DATA EXTRACT:
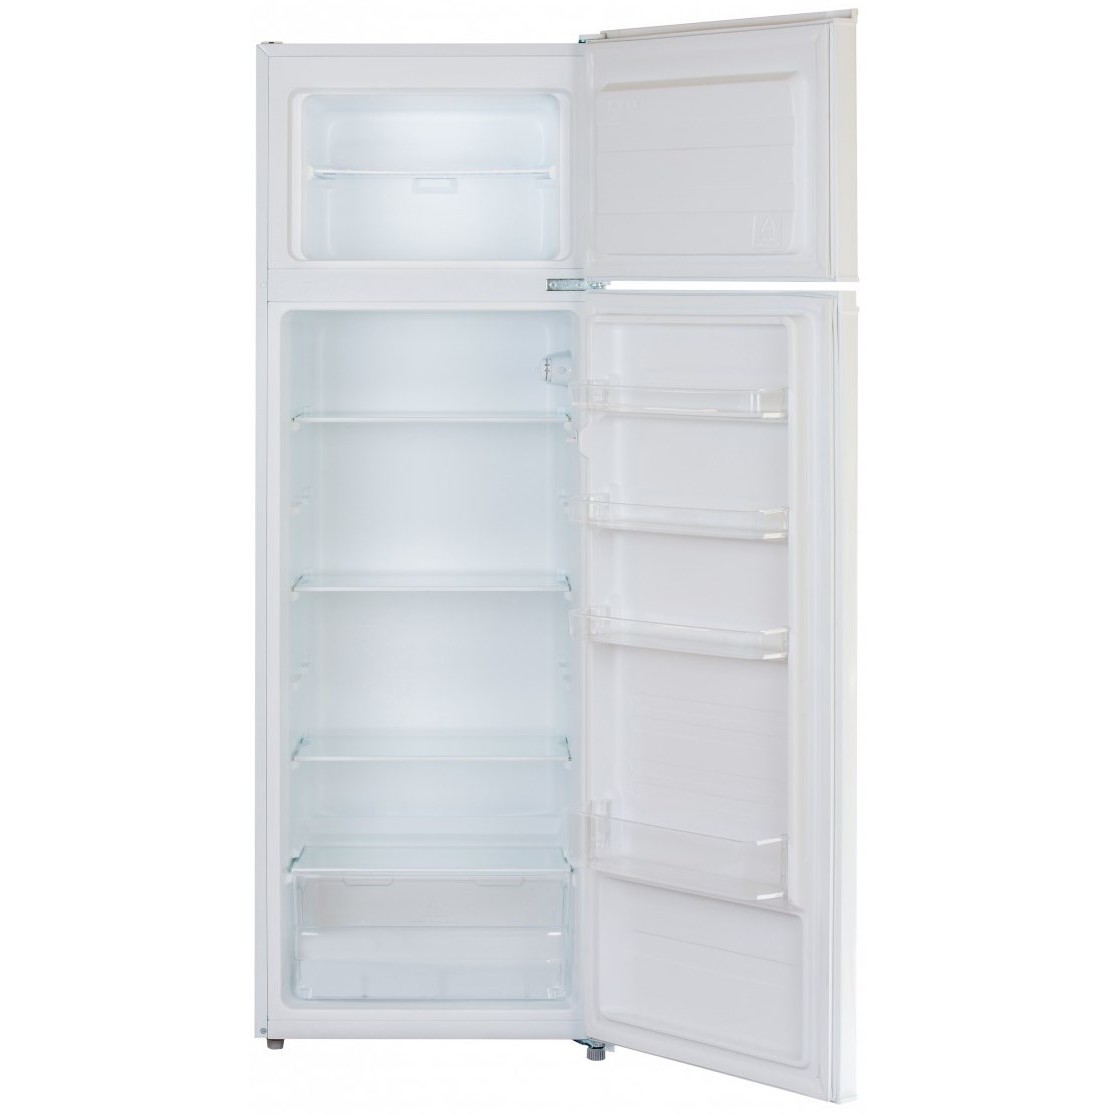 Холодильник с морозильником dexp rf. Холодильник DEXP RF-td160nma/w. Холодильник с морозильником DEXP RF-td160nma/w белый. Холодильник DEXP RF td 160. Холодильник с морозильником DEXP RF-td160nma.
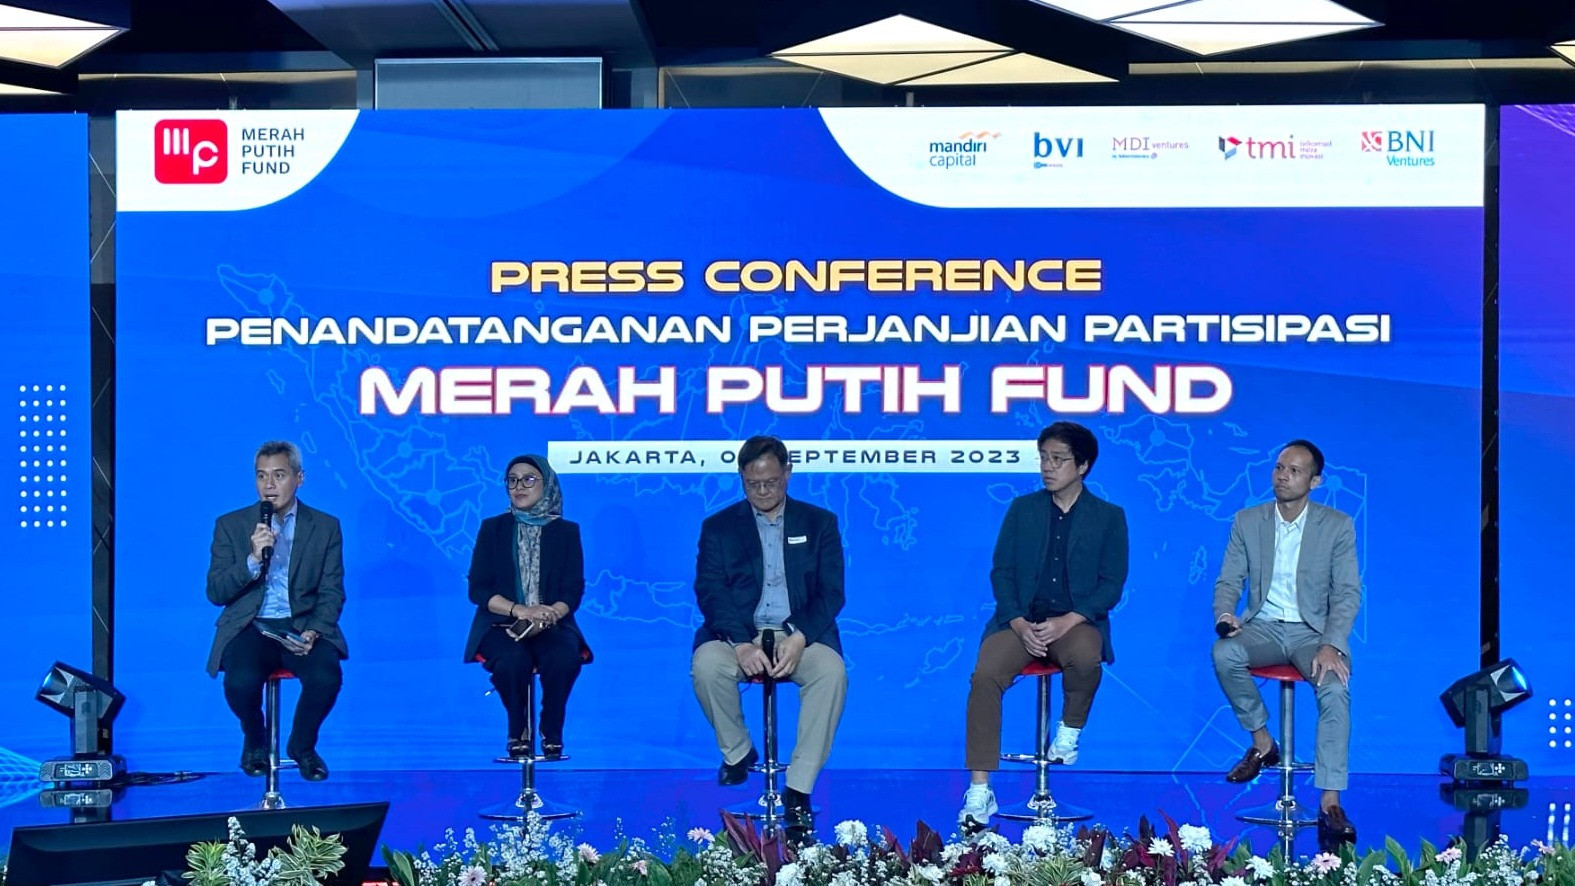 PT Telkom Indonesia (Persero) Tbk melalui entitas Corporate Venture Capital MDI Ventures, dan juga Telkomsel Mitra Inovasi (TMI), berpartisipasi dalam penandatanganan Perjanjian Partisipasi Merah Putih Fund di Jakarta (4/9).
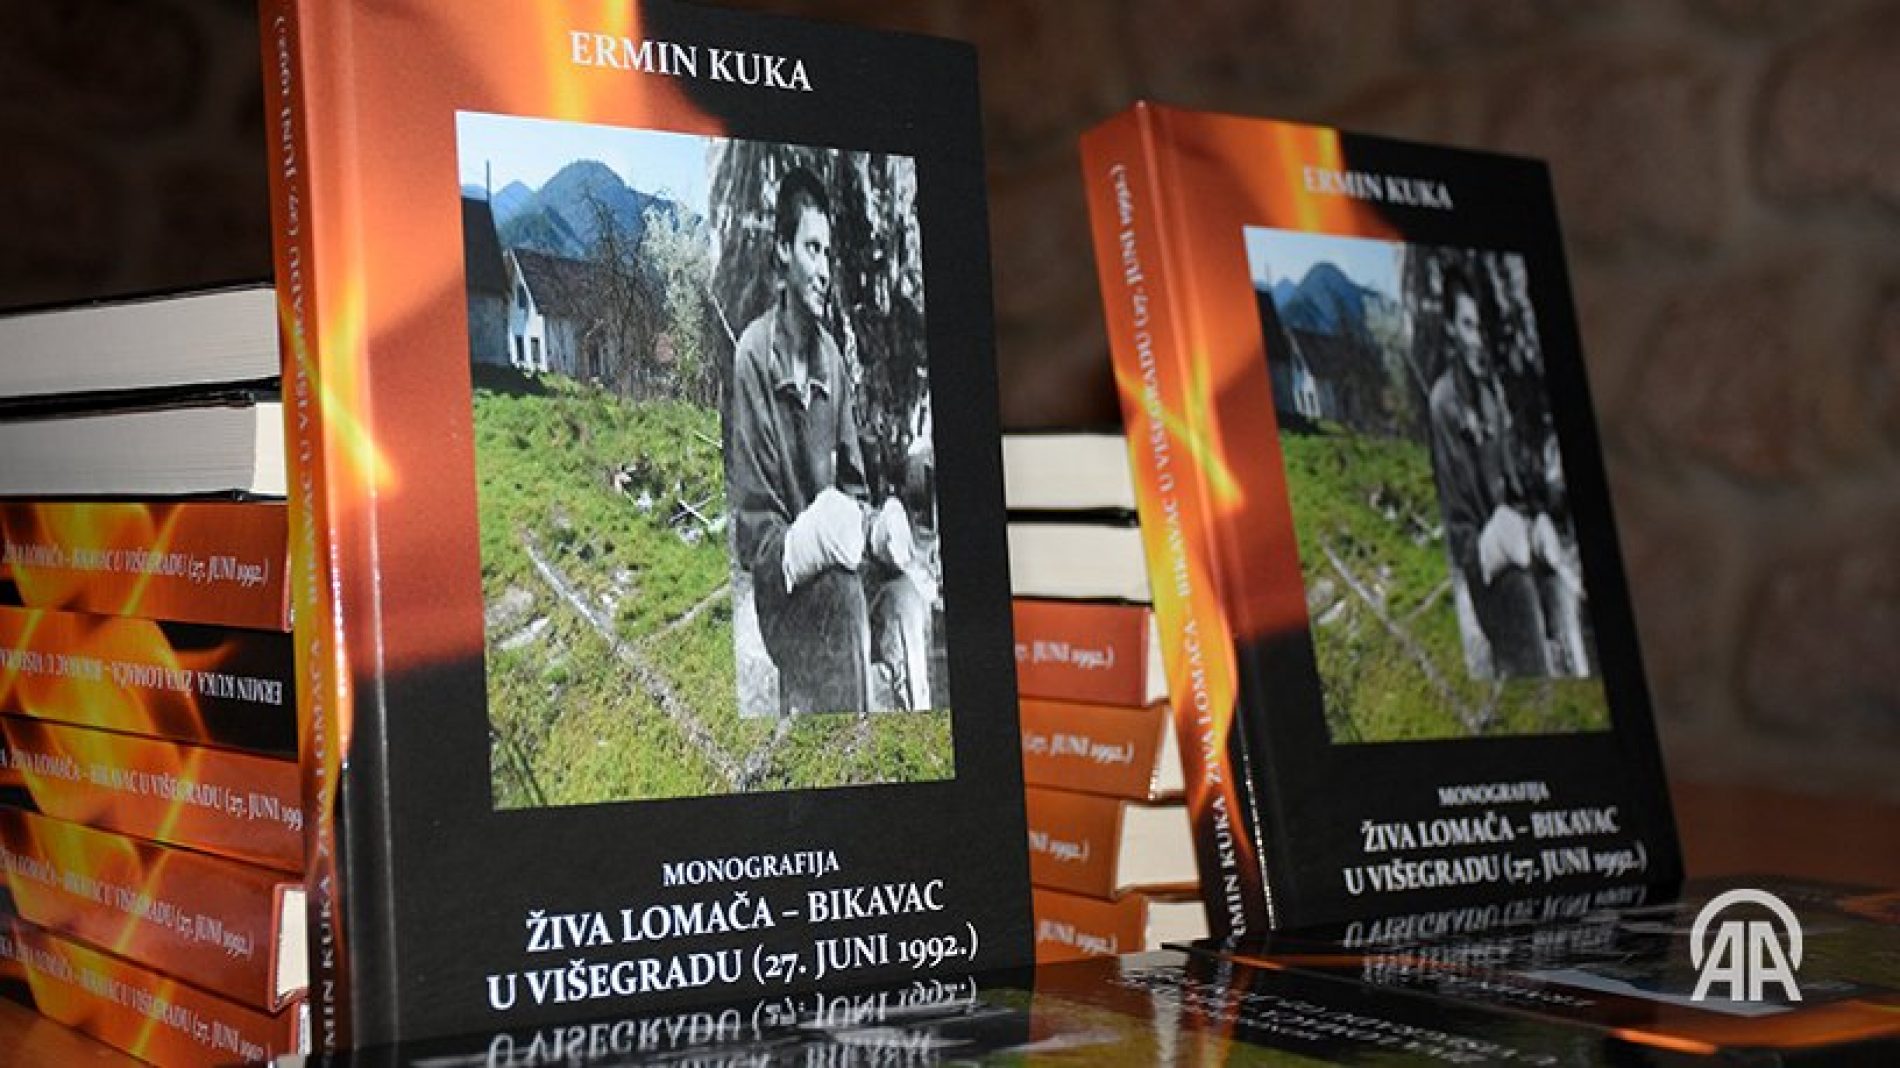 U Sarajevu promovirana monografija “Živa lomača – Bikavac u Višegradu (27. juni 1992.)”

ACTIVITY: The pictures in the data should be omitted, and every remaining line set down exactly.

EXERCISE ANSWER:
 Холодильник с морозильником dexp rf. Холодильник DEXP RF-td160nma/w. Холодильник с морозильником DEXP RF-td160nma/w белый. Холодильник DEXP RF td 160. Холодильник с морозильником DEXP RF-td160nma.
 PT Telkom Indonesia (Persero) Tbk melalui entitas Corporate Venture Capital MDI Ventures, dan juga Telkomsel Mitra Inovasi (TMI), berpartisipasi dalam penandatanganan Perjanjian Partisipasi Merah Putih Fund di Jakarta (4/9).
 U Sarajevu promovirana monografija “Živa lomača – Bikavac u Višegradu (27. juni 1992.)”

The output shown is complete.